A whole six hours or so after adopting his filthy new habit, Jamie is caught, and agrees to give it up. The next day, he announces to Ted and Joan that he’s learned his lesson, after finding out that Peter Watson was diagnosed with mouth cancer. The family spends approximately twenty seconds in somber reflection over the tragedy of a young life cut short, before Vicki comes in and announces that she’s moved her cabinet back into Jamie’s room, at Joan’s instruction. “Joanie, you animal!” Ted leers, to which Vicki yells “Borrrrrrrring!” The episode ends with poor Peter Watson all but forgotten in favor of the news that Ted and Joan can fuck in peace again.
I knew that revisiting Small Wonder wasn’t going to be an easy task. After all, things you don’t recall as being good the first time around rarely improve upon a second viewing, and certainly not years later. Everything about the show, from its absurd plot to its saccharine theme song to its 99 cent store special effects makes it seem like a parody of itself, like something you’d see on Adult Swim. The adult actors are useless, and the child actors (particularly Jerry Supiran as Jamie, who damn near shouts all his dialogue) play their roles with the kind of cheerful desperation that can only come from having overbearing stage parents. I suppose I also knew, even watching it as a young teenager, that there was something very weird about the gender politics of designing a little girl android whose primary purpose is to be a maid, while ostensibly staying young and cute forever. Looking back now as a shrill, middle aged feminist, all I can say is holy mother of God, how did this ever get made. This show is a festering onion found in a dank corner of a root cellar. It’s a parfait made of various layers of fecal matter. The further you dig in, the worse it smells, and the fact that this was presented as light, family friendly comedy is perhaps the most heinous aspect of it.
I’m just going to come right out and say it: I’m pretty sure that Howard Leeds, the creator of Small Wonder, must have been dealing with some dark shit in his head when it came to women. Even if he hadn’t earlier created a show with a similar premise (only that time the robot was a sexy adult woman played by Julie Newmar), it would still be apparent.

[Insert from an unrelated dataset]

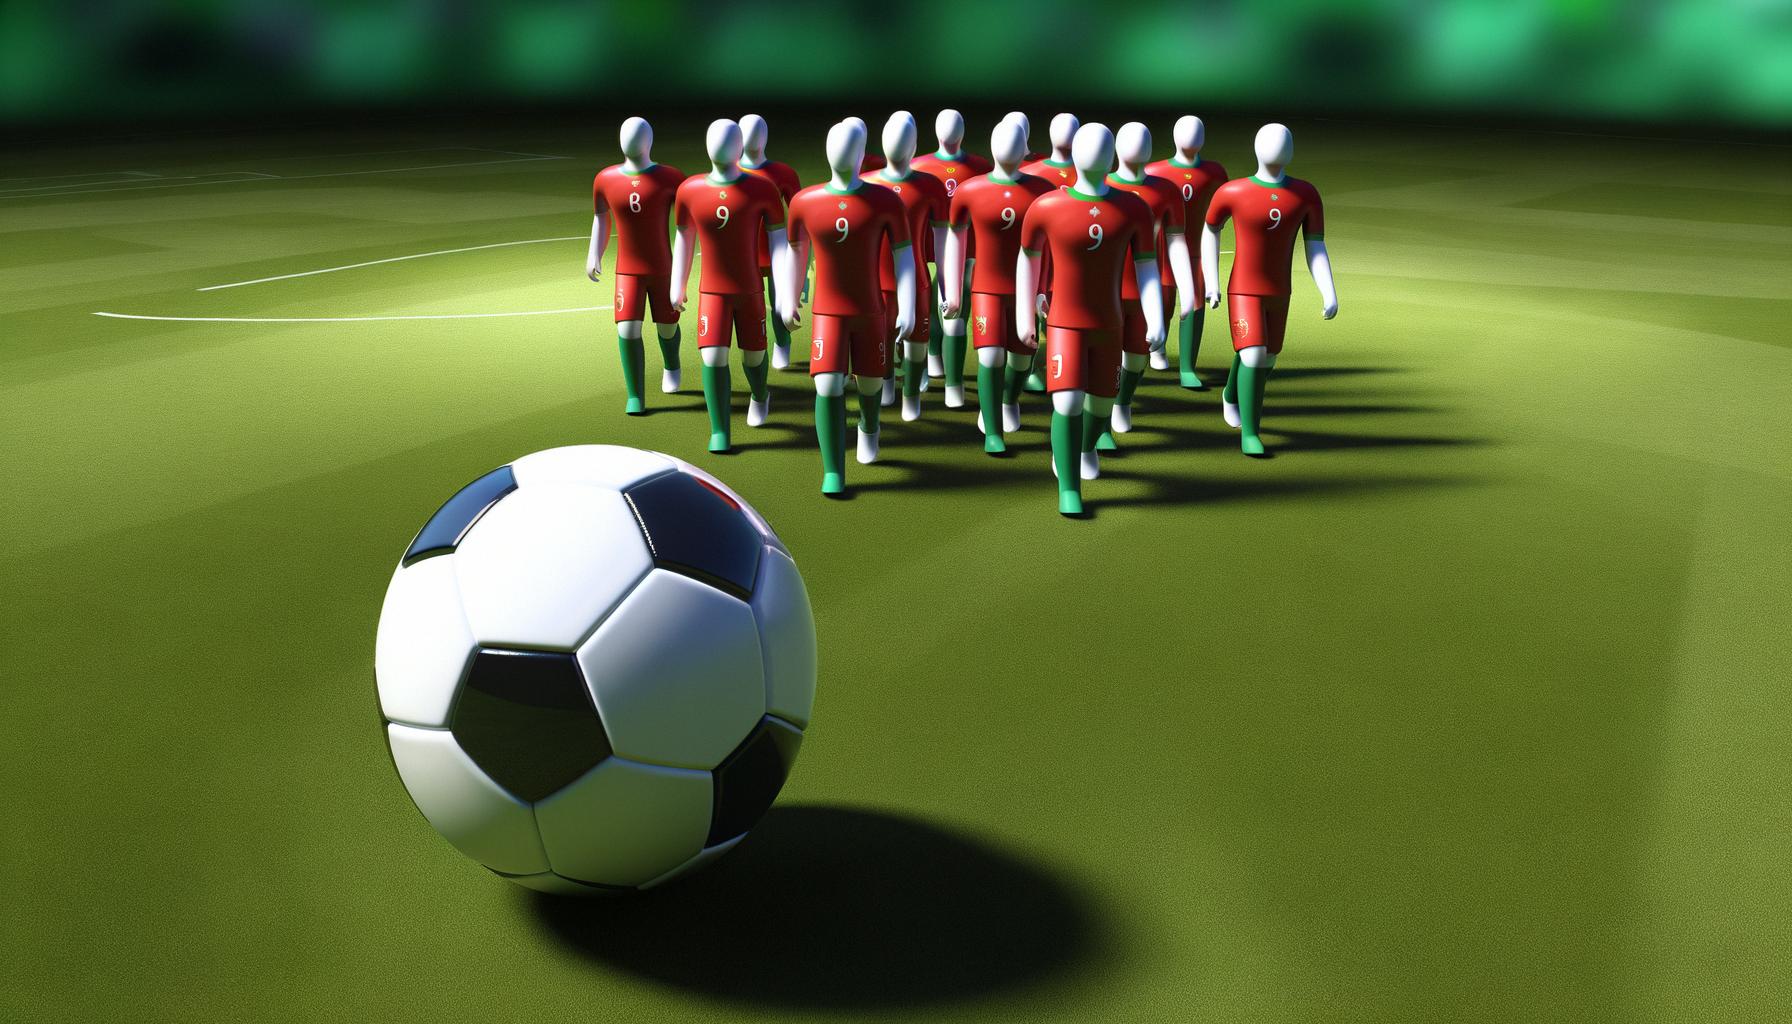 Portugal retains strong performance, balancing Ronaldo's leadership and teamwork.

Not that anyone comes off well in this, but it’s the female characters who particularly fare poorly. First you have Vicki, a technological miracle reduced to being a docile servant (while dressed like a child half her age). Then you have nagging, shrewish Joan, obnoxious next door neighbor Mrs. Brindle (who thankfully doesn’t appear in this episode), and, perhaps the most oogy character in the whole show, Mrs. Brindle’s daughter, Harriet, a disturbingly thirsty 11 year-old who aggressively lies to, manipulates, and bullies Jamie, for the sole purpose of getting him to go out with her. Rather than someone simply sitting down with Harriet and explaining to her that “no means no,” she is humiliated, again and again, to the audience’s apparent delight. If these are the people from whom Vicki is supposed to learn what it means to be human, perhaps she’d have been better off being “retired” too.